In addition, we do not want to distribute the content along the drawn curve as if with a stamp, nor do we want to truncate or even alter the content to fit the pen stroke. Instead, we aim for an algorithm that preserves the artistic content of the given pattern in such a way that it is locally distorted as little as possible while perfectly matching the unaltered pen stroke. In this context, the main improvement in comparison to [10] is that we manage to generate a close-to-conformal map iteratively during the drawing process.

Figure 1: The ornamental content fits the pen’s stroke perfectly.

For this, given a rectangular ornamental tile, we imagine several copies of this tile to form a strip of yet unknown length, as shown in Figure 1 on the left. In combination with the calligraphic stroke in the center, the desired result on the right contains the perfectly adjusted ornamental strip within the drawn stroke.

Polke

Before we present the algorithm providing us with digitally enriched strokes, we explain two important aspects of it: the notion of conformality, and why computations on the graphics processing unit (GPU) serve our goal of real-time computations.

Conformality: preserving artistic content

To preserve the artistic content of the ornamental tile, our algorithm is supposed to produce a close-to-conformal mapping of the given tile to the stroke. Conformal maps preserve angles everywhere on their domain and also infinitesimal shapes, which means that they are locally similarity transformations (see [7, Chapter 8.2]). We have chosen this criterion of conformality as a measure of content distortion. A different approach lies in the preservation of areas, another metric property. Whether the criterion of preserving angles or areas is better for the desired result depends largely on the purpose of the matter. A classic example are maps of the Earth: No map can preserve angles (important for ship navigation) and areas (important for land survey) simultaneously.

Our work focuses on conformal maps from an ornamental tile to a calligraphic stroke. Such a map exists due to the Riemann mapping theorem. To obtain it, we want to define a coordinate system within the stroke so that the ornamental content can be transferred to the stroke via its natural coordinate system. The standard two-dimensional coordinate system consists of an orthogonal grid of vertical and horizontal lines.
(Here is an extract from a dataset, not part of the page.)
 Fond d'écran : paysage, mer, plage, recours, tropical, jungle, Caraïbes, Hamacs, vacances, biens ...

When searching for an angle preserving map, this structure of the coordinate system in the ornamental tile has to be transferred to the stroke as in Figure 2.

Figure 2: Conformal map of a coordinate system from the rectangular tile to a stroke.
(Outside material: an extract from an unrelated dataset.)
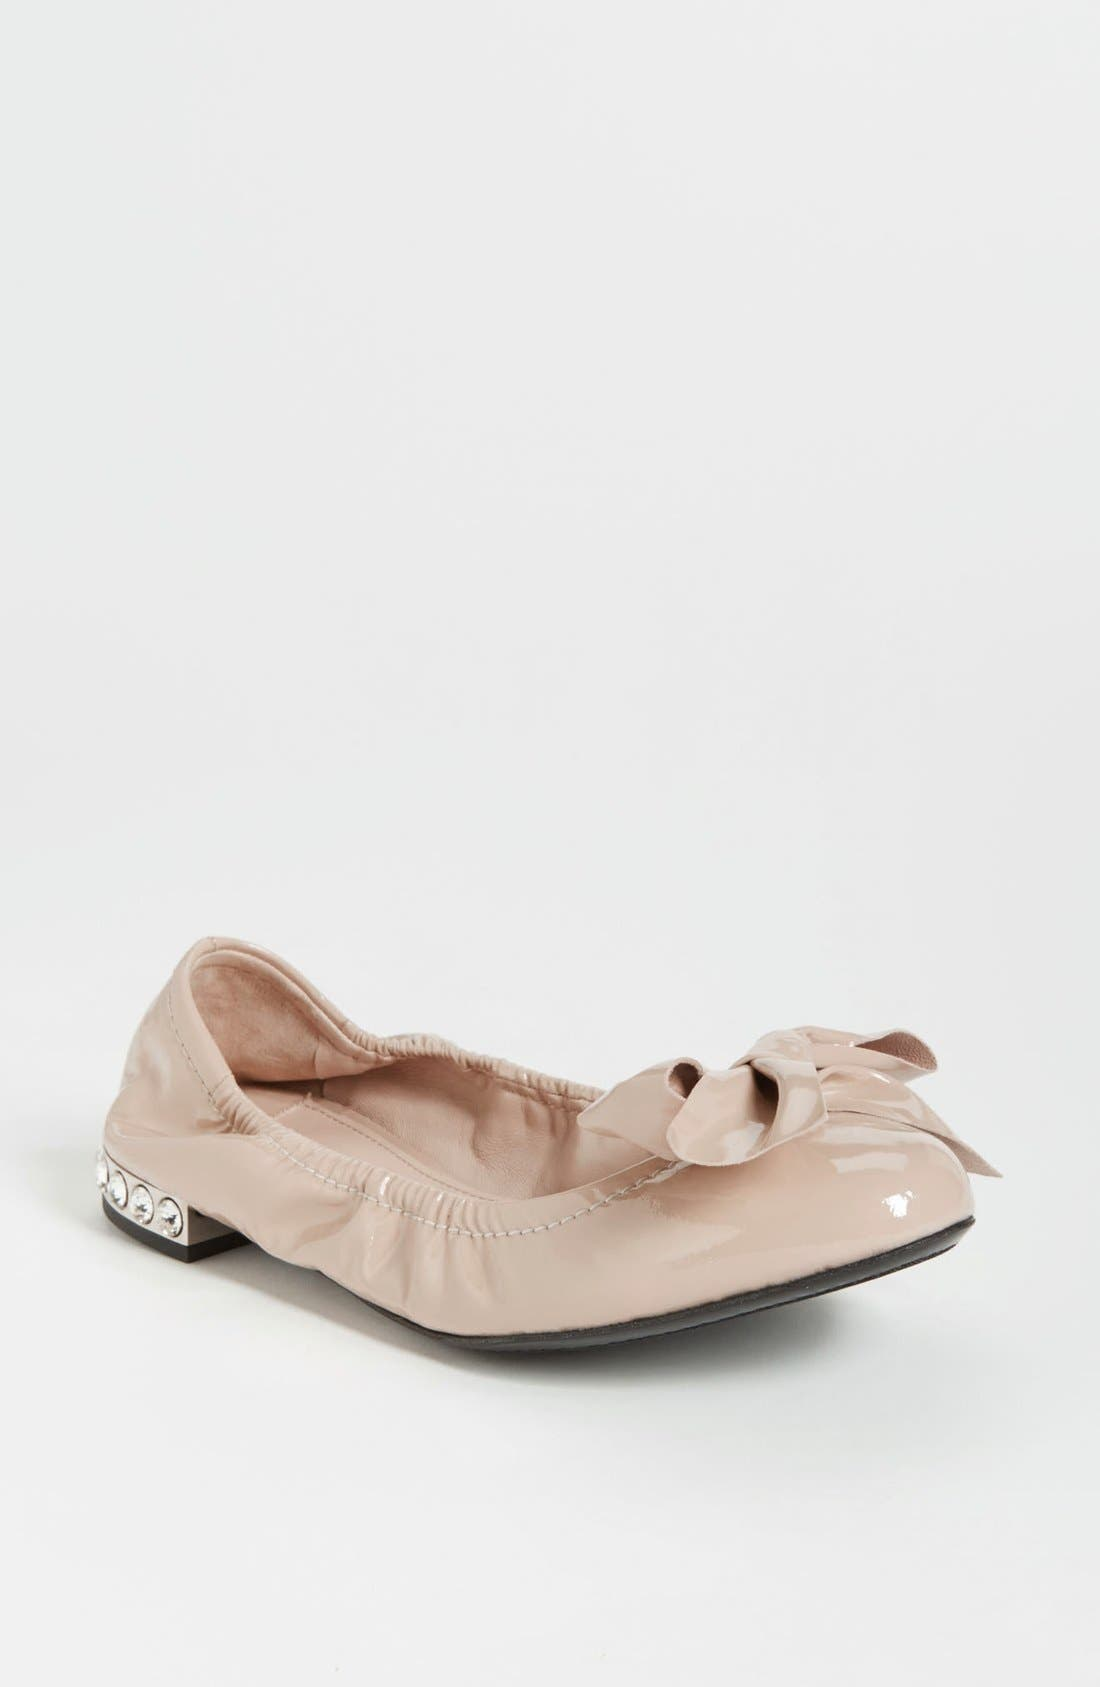 Main Image - Miu Miu Jeweled Heel Ballerina Flat

Any artistic tile can then be mapped directly onto the transformed coordinate system within the stroke by reading off the content at the corresponding position within the tile and transferring it to the stroke. We will deal later with the special coordinate system our algorithm works with and how the content can be transferred.

GPU computations: parallel and fast

The other main requirement for our algorithm besides conformality is the real-time aspect. Real-time means for us that the computations are made visible in such a way that the ornament flows into its desired position while the stroke is drawn. This represents a significant difference from other algorithms that compute conformal maps for given planar domains and display the solution as soon as the calculations are done.

The stroke as target domain of the conformal map is constantly changing. If the calculations were performed globally on the target domain, we would have to recalculate the entire mapping from the preimage to the constantly changing stroke at each point in time. So we aim for an algorithm that acts locally on both the new and the existing parts of the stroke at any given time. To make this local aspect possible and ensure the real-time aspect, we developed an algorithm that is executed on the graphics processing unit (GPU). What the GPU is and why it is interesting for us follows arguments from [5].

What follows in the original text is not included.